Fortement inspiré de la communauté du logiciel libre Open Source, la
caractéristique principale des « Labs » doit être leur « ouverture ». Ils s’adressent aux
entrepreneurs, aux développeurs, aux artistes, aux bricoleurs, aux étudiants, aux
concepteurs en tout genre qui veulent passer plus rapidement de la phase de
concept à la phase de prototypage, de la phase de prototypage à la phase de mise
au point, de la phase de mise au point à celle de déploiement, etc. Ils regroupent
différentes populations, tranches d’âge et métiers différents. Ils constituent aussi un
espace de rencontre et de création collaborative qui permet, entre autres, de fabriquer des objets uniques : logiciels, objets décoratifs, objets de remplacement,
outils… Avec les outils informatiques, les projets peuvent passer de l’idée à une première réalisation grâce au prototypage rapide et au processus essai-erreur intelligent.
Il s’agit principalement dans ces espaces de faire cohabiter la création et
l’innovation, les concepts et les doctrines. Si la créativité relève de la réflexion, de
l’idée, l’innovation est du domaine de l’action. Il s’agit de créer pour que les idées
et les concepts émergent et ne soient pas tués par l’organisation, les contraintes
budgétaires et des enjeux de puissance.
Mais il s’agit avant tout d’inculquer un état d’esprit (2) car l’innovation ne
doit pas être une fonction dédiée dans les entreprises ou les administrations, réservée à quelques créatifs ou à une poignée de chercheurs, car cela reviendrait à dispenser tous les autres de proposer des améliorations permanentes.

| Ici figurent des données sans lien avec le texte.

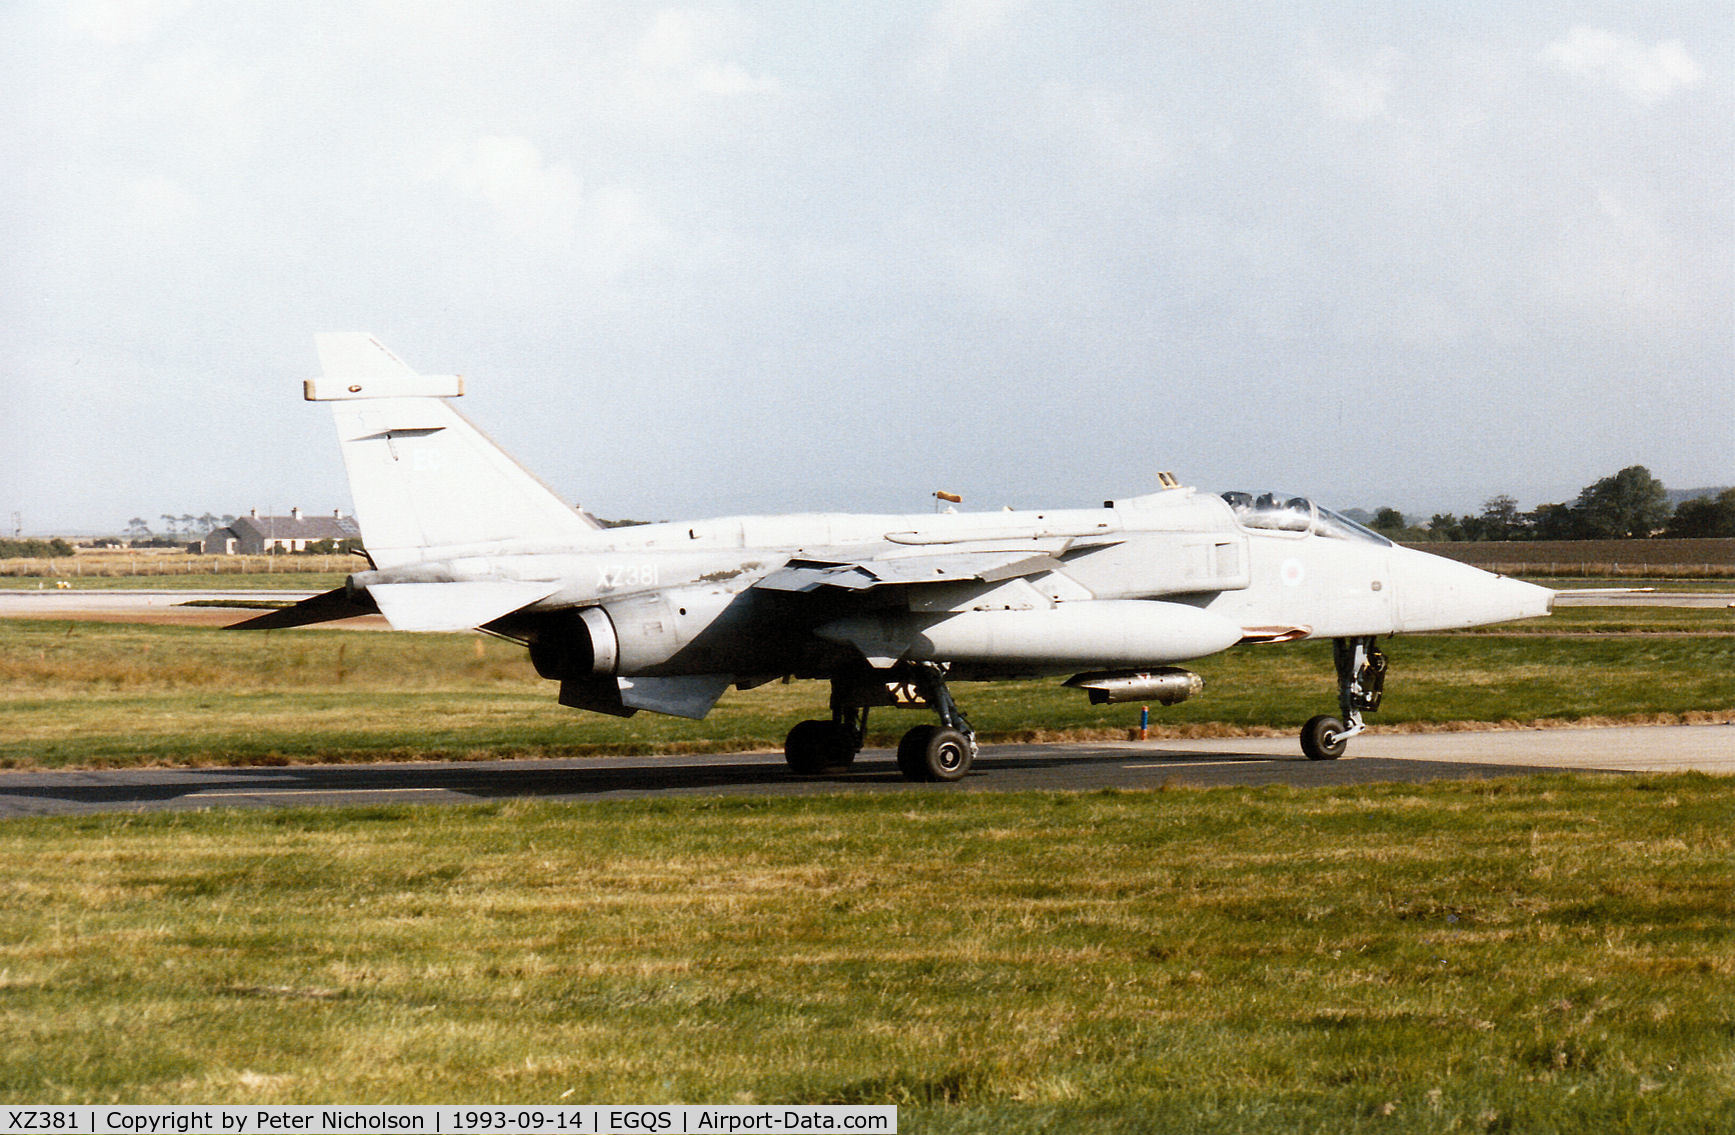 XZ381, 1977 Sepecat Jaguar GR.1A C/N S.146, Jaguar GR.1A of 6 Squadron at RAF Coltishall taxying to Runway 05 at RAF Lossiemouth in September 1993.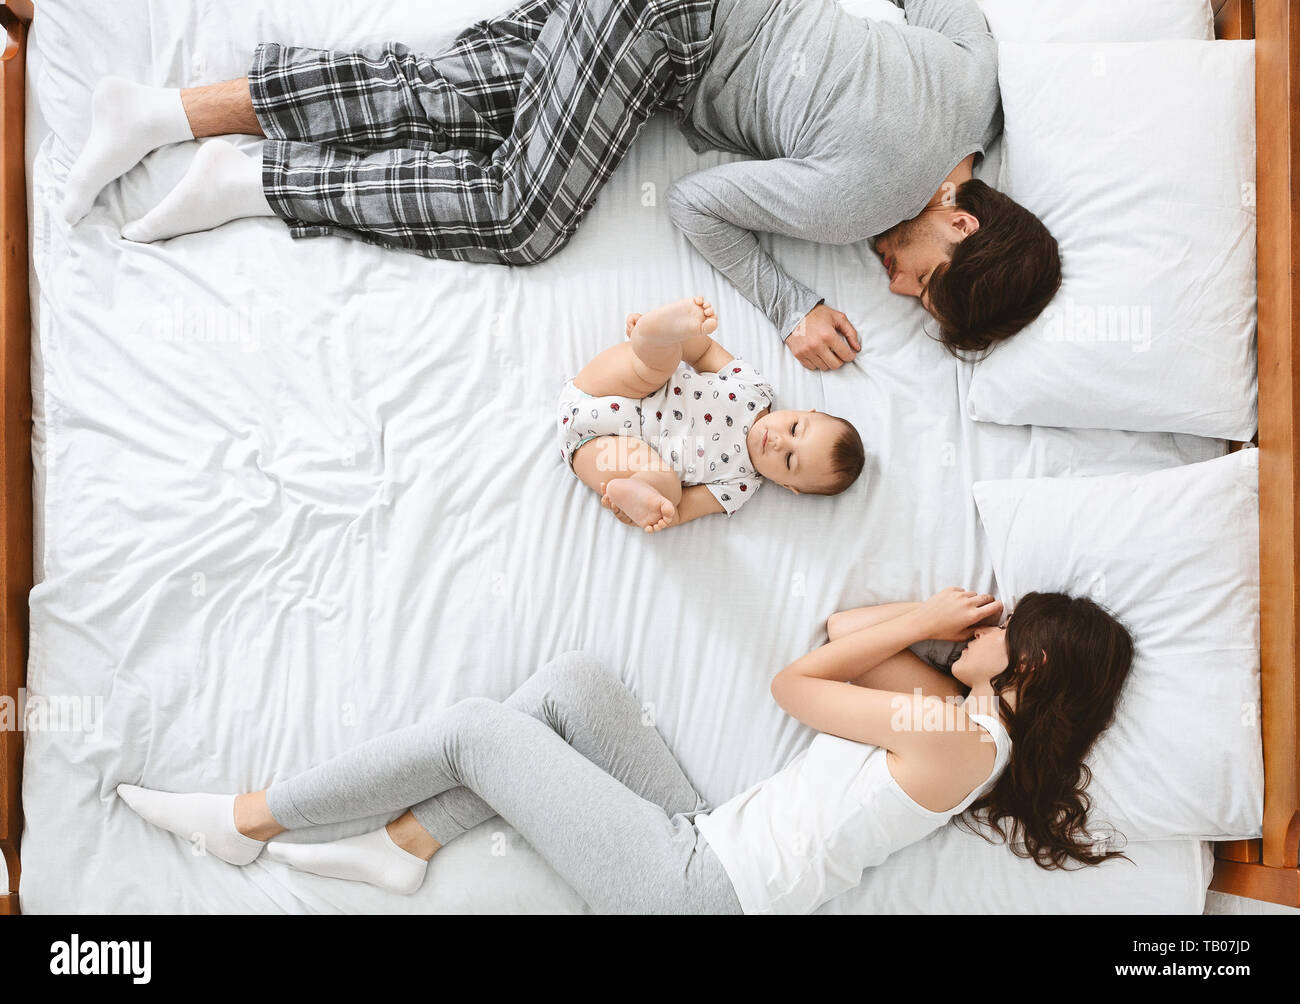 Little baby lying in the middle of bed, parents sleeping on sides Stock Photo

Ce concept de « Lab » ou plutôt de développement par le prototypage et
l’expérimentation se rapproche en certains points du concept de transformation
dans les armées mis en valeur, au début des années 2000, par nos alliés américains
et repris par l’Alliance.
Ce concept de transformation partait du constat que, notre monde subissant de perpétuelles évolutions d’ordre stratégique, sociétal et technique, il s’agissait de veiller à ce que l’outil militaire reste en adéquation avec les besoins opérationnels. Il s’agissait, pour cela, d’installer à la place du processus traditionnel et
séquentiel de rénovation des forces armées (logique des programmes d’armement
notamment), un processus d’adaptation très réactif, inspiré des méthodes civiles,
instaurant un cycle de décision rapide, qui permettait d’intégrer au plus vite les
(2) Jean-Yves Le Drian, ministre de la Défense, au forum DGA Innovation le 20 novembre 2014 : « Savoir innover, c’est
donc un état d’esprit. C’est explorer des pistes nouvelles, être capable de sortir du confort de notre savoir, reformuler nos
certitudes pour laisser place à des évolutions qui pourront être décisives ».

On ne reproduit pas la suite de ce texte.